For the determination of cumulative postoperative analgesic consumption, equianalgesic doses were used. A dose of 100 mg of tramadol was taken to be equivalent to 150 mg of diclofenac, each of which was considered to be equal in analgesic efficacy to 10 mg of morphine, and a score of 1 was allotted., In this manner, the analgesic consumption in 24 h was formulated.
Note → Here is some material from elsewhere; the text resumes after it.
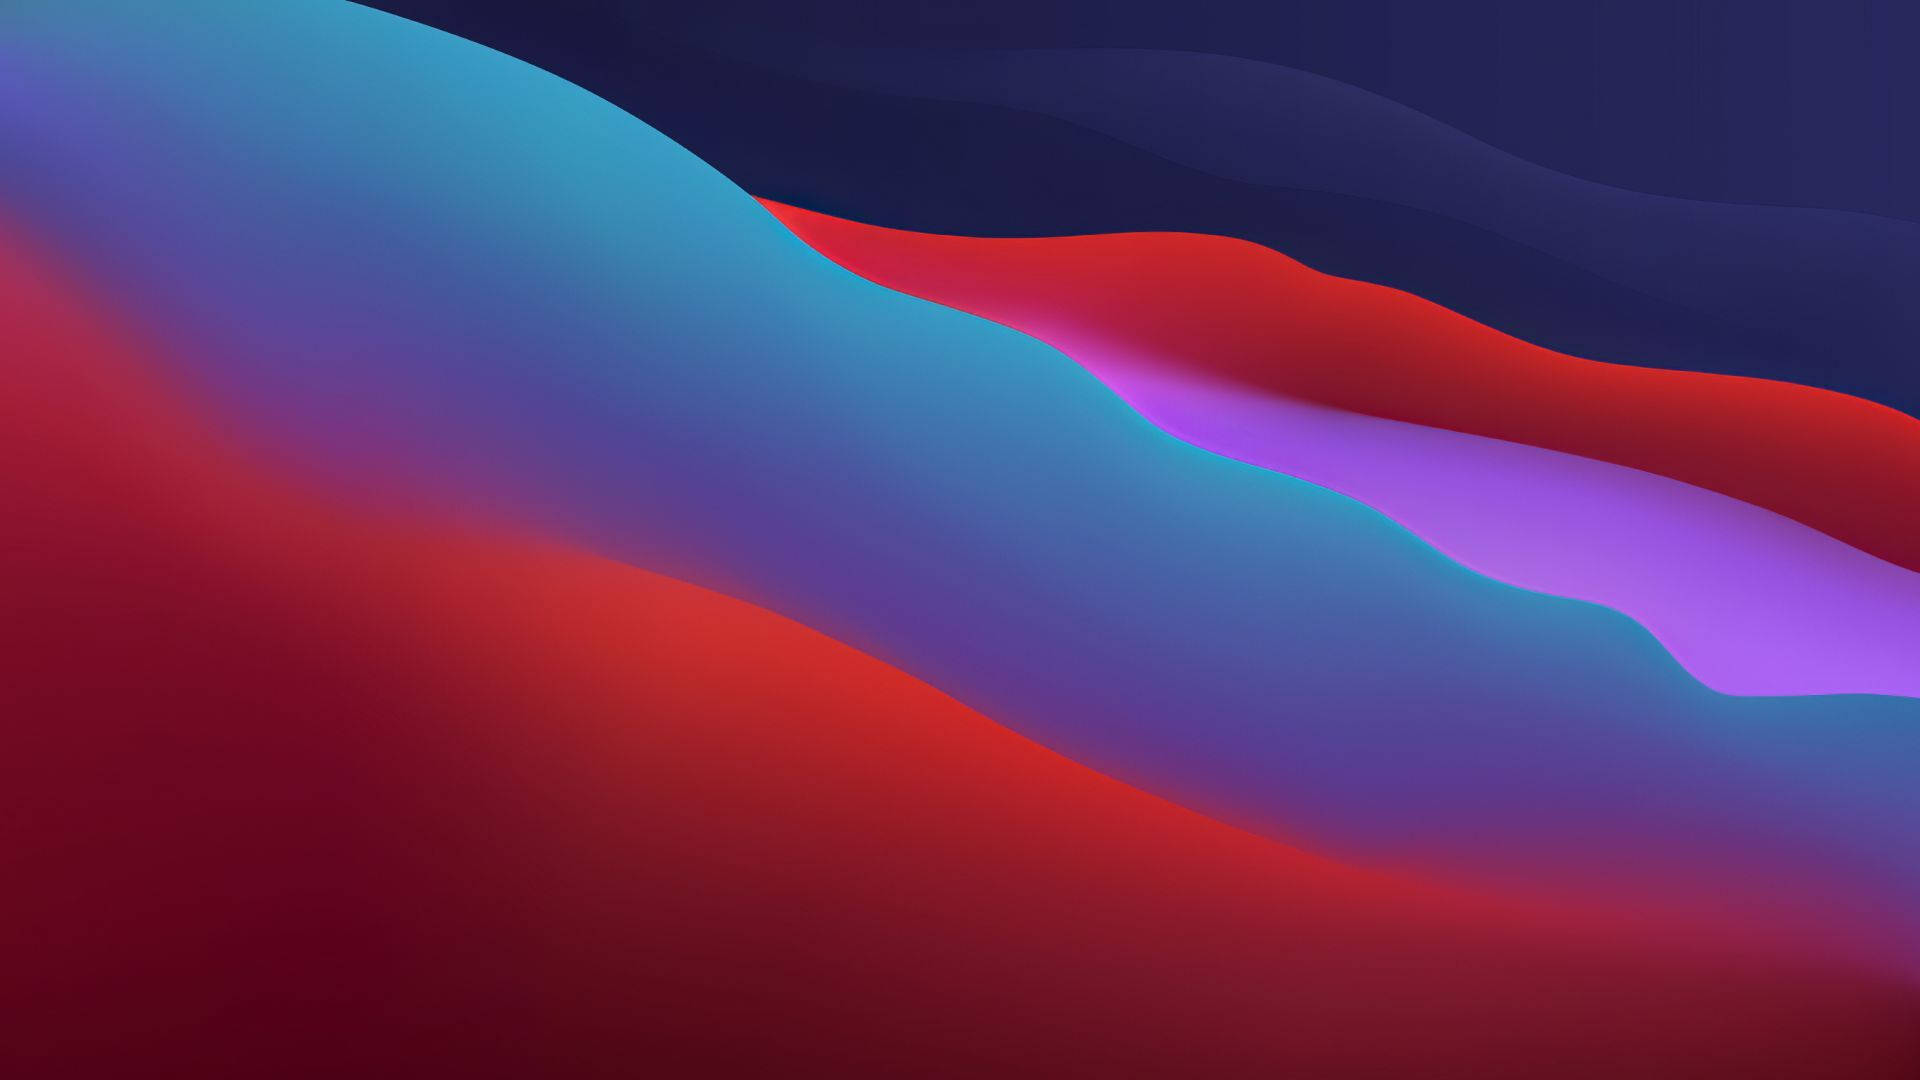 Macos Big Sur Red And Blue Waves Picture

The total tramadol and diclofenac consumption were significantly different among the groups, as shown in [Figure 4] (P = 0.000; df = 111). The postoperative analgesic consumption in Group I with the median value of the score obtained was 1 (1.25) was less than that in Group T, 1.5 (1), but the difference was not significant (P = 0.185). There was a highly significant difference in analgesic consumption between Group I and Group C with median value 2.5 (1) (P < 0.001; df = 74) and also between Group T and Group C (P = 0.001; df = 73) [Figure 4]. Group C required significantly more rescue analgesia compared to Groups I and T.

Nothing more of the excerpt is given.